SP–Arte Rotas 2025
Transe Section – Marlan Cotrim
Marlan Cotrim
Marlan Cotrim. É na descida da ladeira tem água que molha pé, 2025. Oil and pastel on canvas, 95 x 135 cm.
August twenty-seventh twenty25

For the “Transe” section, Marlan Cotrim presents a series of paintings that hover between writing and landscape. Constructed on an oil background overlaid with a flickering relief in pastel, charcoal, India ink, or oil, the compositions emerge from an intimate relationship between the brush and a disobedient body – one that carries years of study and practice in the field of dance, a craft to which Marlan has crafted more than a decade of her life. Refuting any suggestion of observational painting, her compositions more closely resemble an electrocardiogram: they record the cadences and interruptions of an organism as the surface of the support is marked. If there is any indexical relationship between meaning and signifier, it presents itself solely as the topography of an organism in transition and movement, turbulent and flowing.

The initial experiments with this technique emerged during the passage from dance to painting, when Cotrim began recording everyday movements using pencil and pen. Later, the rapid, irregular gesture no longer depended on external impulse, becoming the driving force of an insatiable impulse. The line conquered the pictorial medium in reverse, gathering the desire for inscription with the previous practice of fashion, which made Cotrim intimate with the composition and quality of the fabrics. In the fusion of dance, clothing, and painting, an interest emerged in textures and rhythms that find their source in the body and move toward the construction of their own surroundings, forming perishable worlds for the execution of a choreography.

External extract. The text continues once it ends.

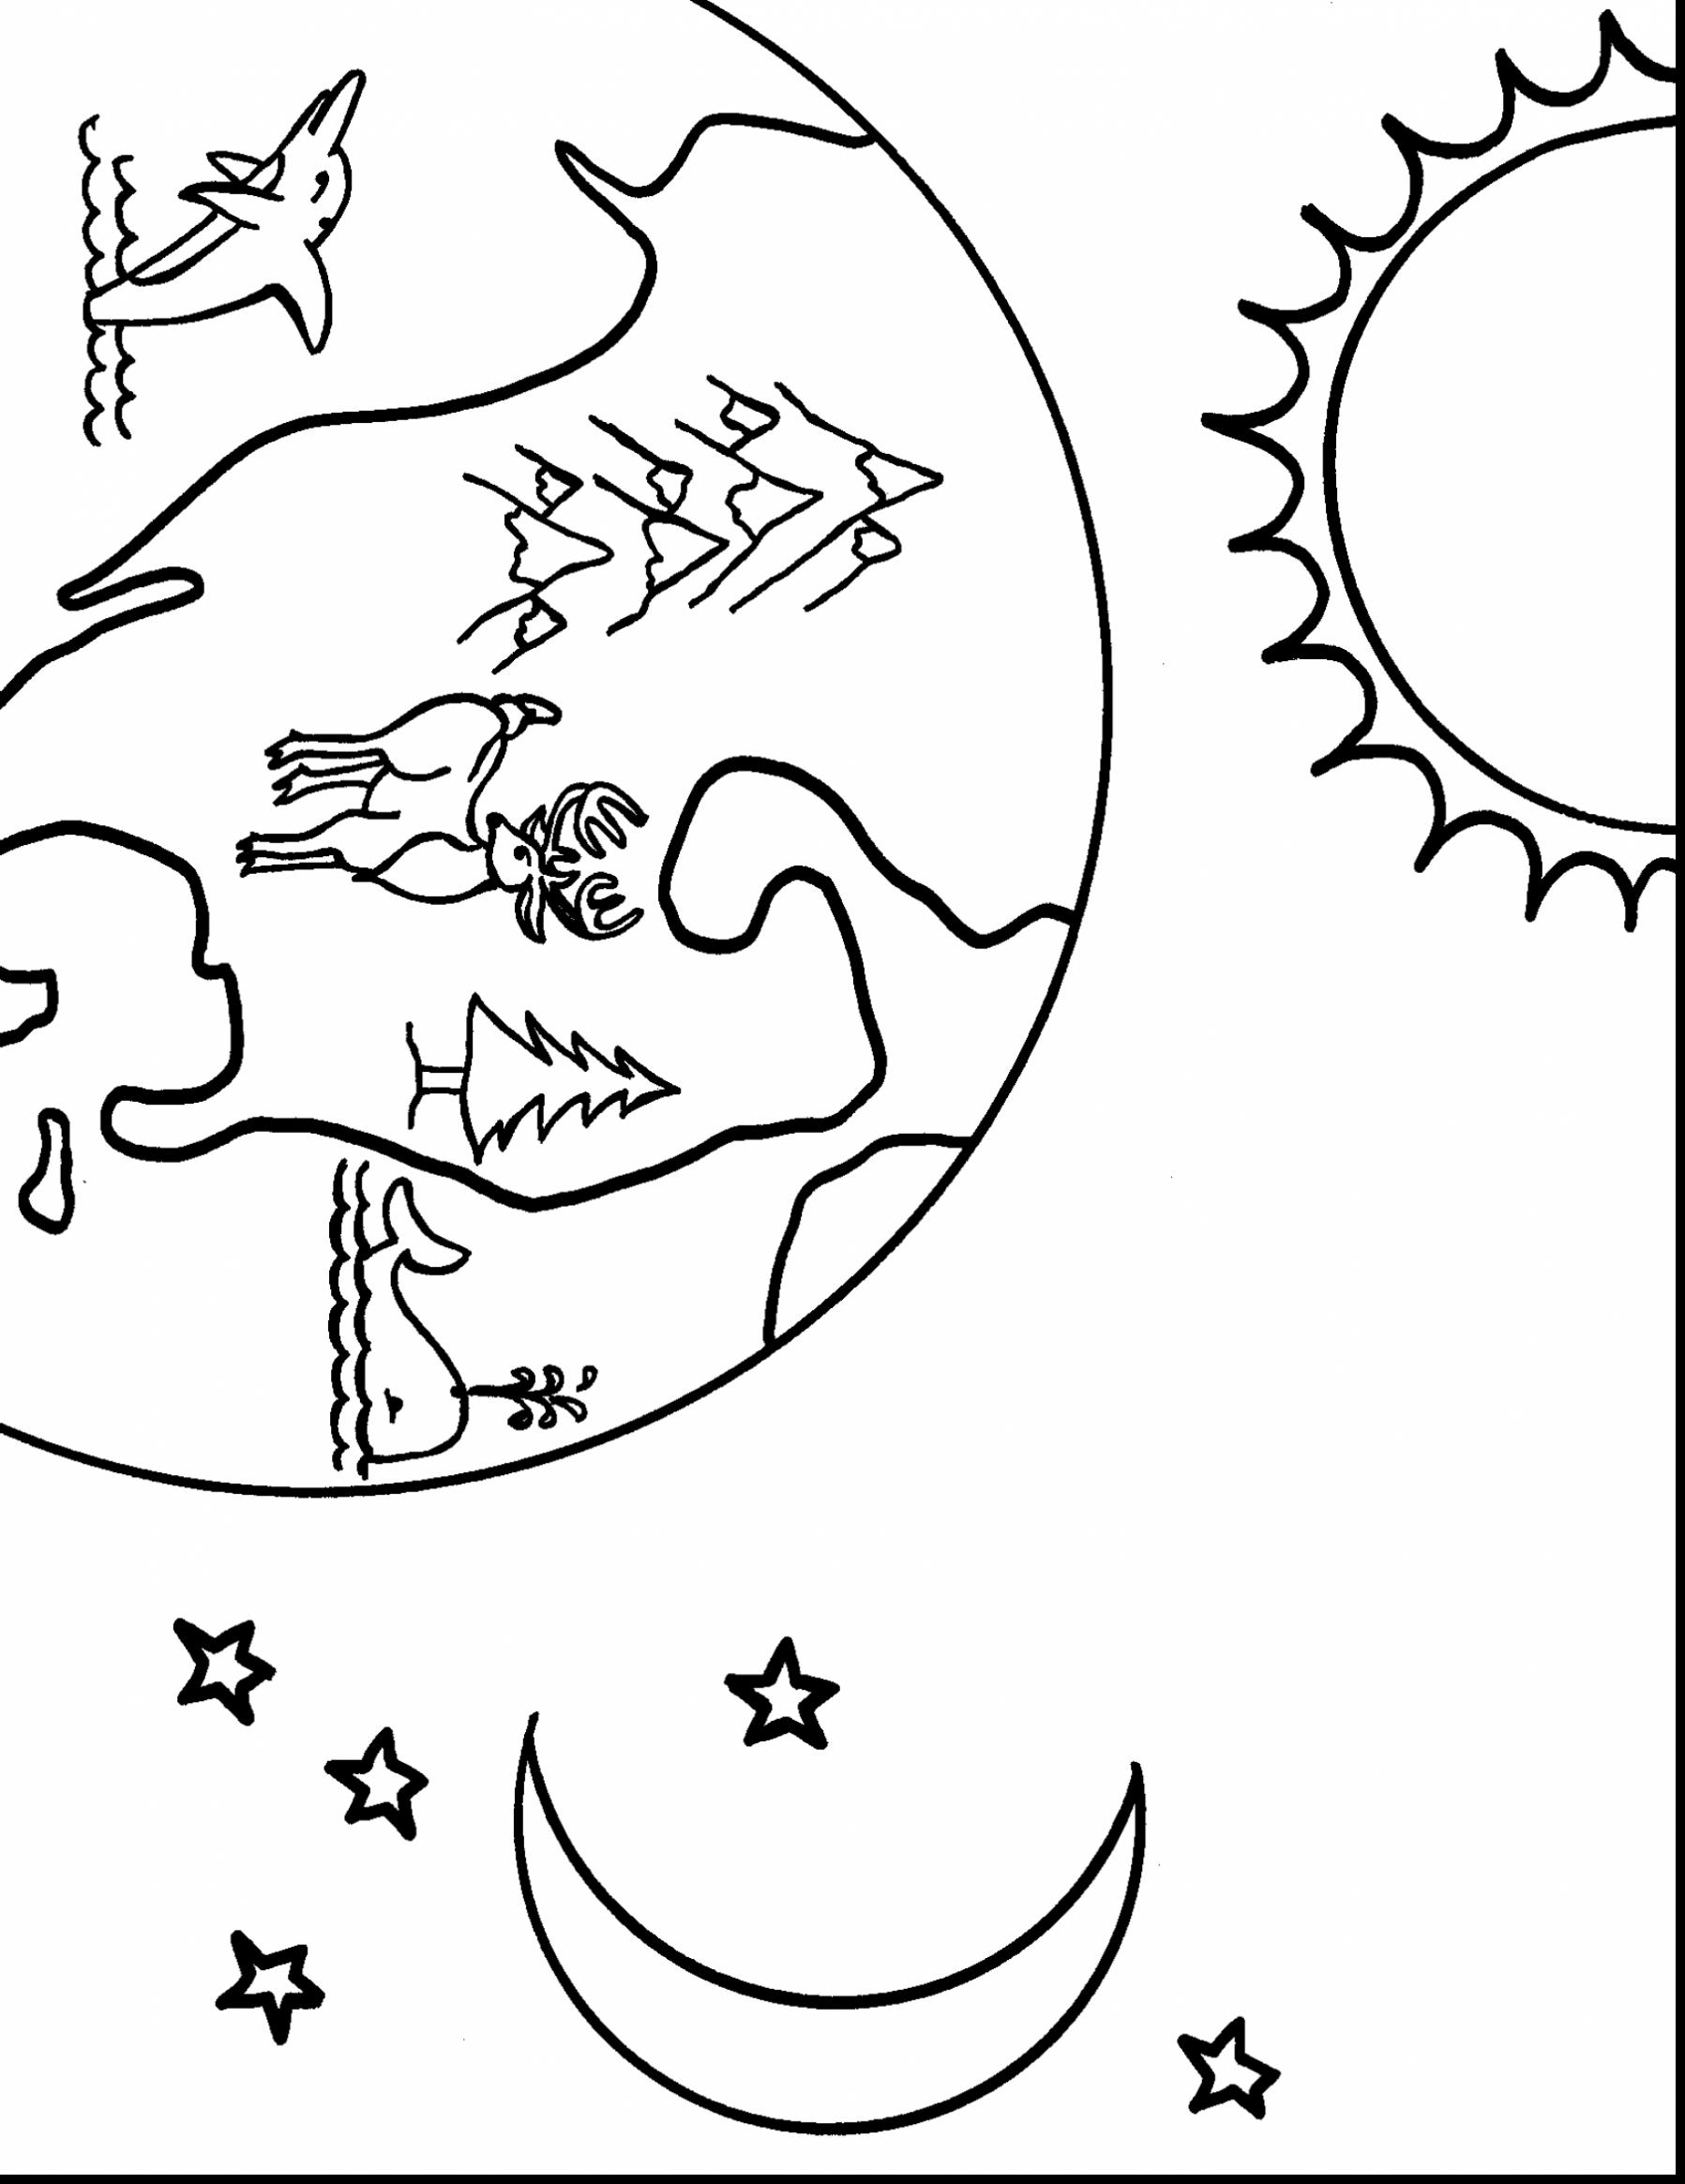 Earth Science Coloring Pages at GetColorings.com | Free printable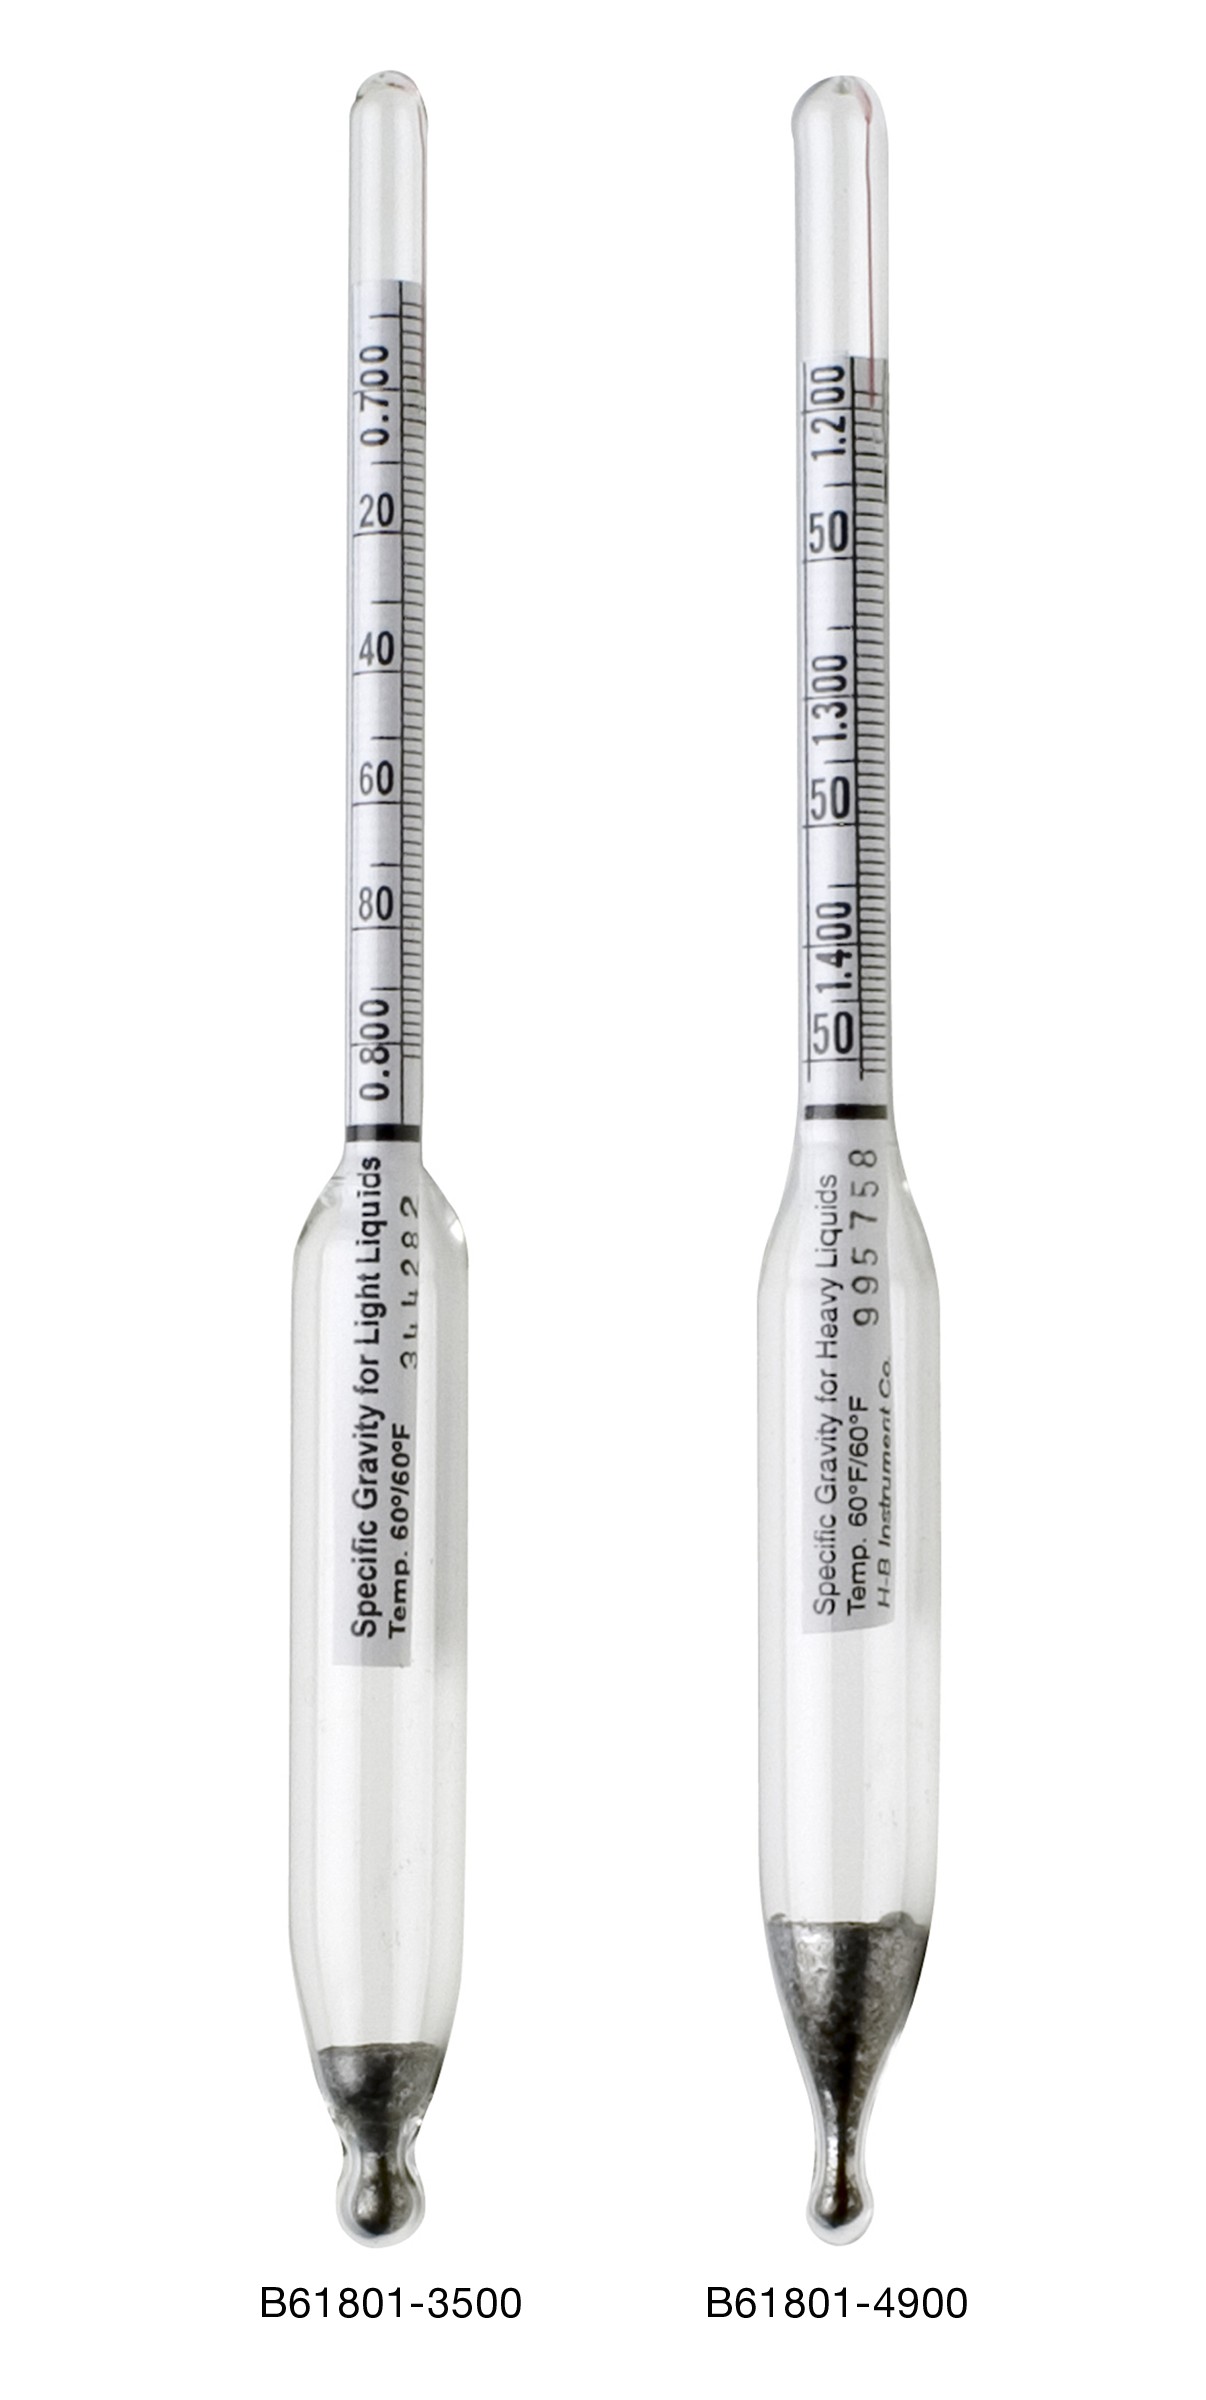 B61821-0700 H-B DURAC Safety 1.600/1.820 Specific Gravity Combined Form Thermo-Hydrometer Bel-Art

Marlan Cotrim. Desviadouro, 2025. Oil, charcoal and oil pastel on canvas, 130 x 130 cm.
Marlan Cotrim. Tempo de montanha, paciência de lago, 2025. Charcoal and India ink on suede, 130 x 130 cm.

Marlan’s work problematizes the relationship between image and gesture by crystallizing precisely in the interplay between these two appearances: while the identification of reliefs and horizons suggests the formation of an imagined, fictional landscape, of a body demanding the establishment of an environment for its sustenance, an observation of the paths taken in the making of each composition brings the artist’s practice closer not to the image, but to the writing of a score. The canvases defy a purely visual understanding, inviting movement: they are inscriptions made to be read like Braille, retracing the steps of a journey in continuity and change. For those who prefer to conserve the primacy of the gaze, color invites the remaking of the melody that accompanies the choreography, establishing analogies that hark back to the synesthetic uses of color in Giuseppe Arcimboldo (1526–1593) and the experiments of Louis Bertrand Castel (1688–1757).

In dissonance to earlier synesthesia theorists, Cotrim does not seek a universal scale in which color, sound, and movement can be translated into equivalences. Open to their own ambiguity, her works mimic the artist’s ethical relationship with her own body. The canvases destabilize the image precisely because they do not wish to be anything other than what they are: traces of energy, dissipated in the act of their creation, but still contained in the matter of each line that forms the shifting ground of the painting.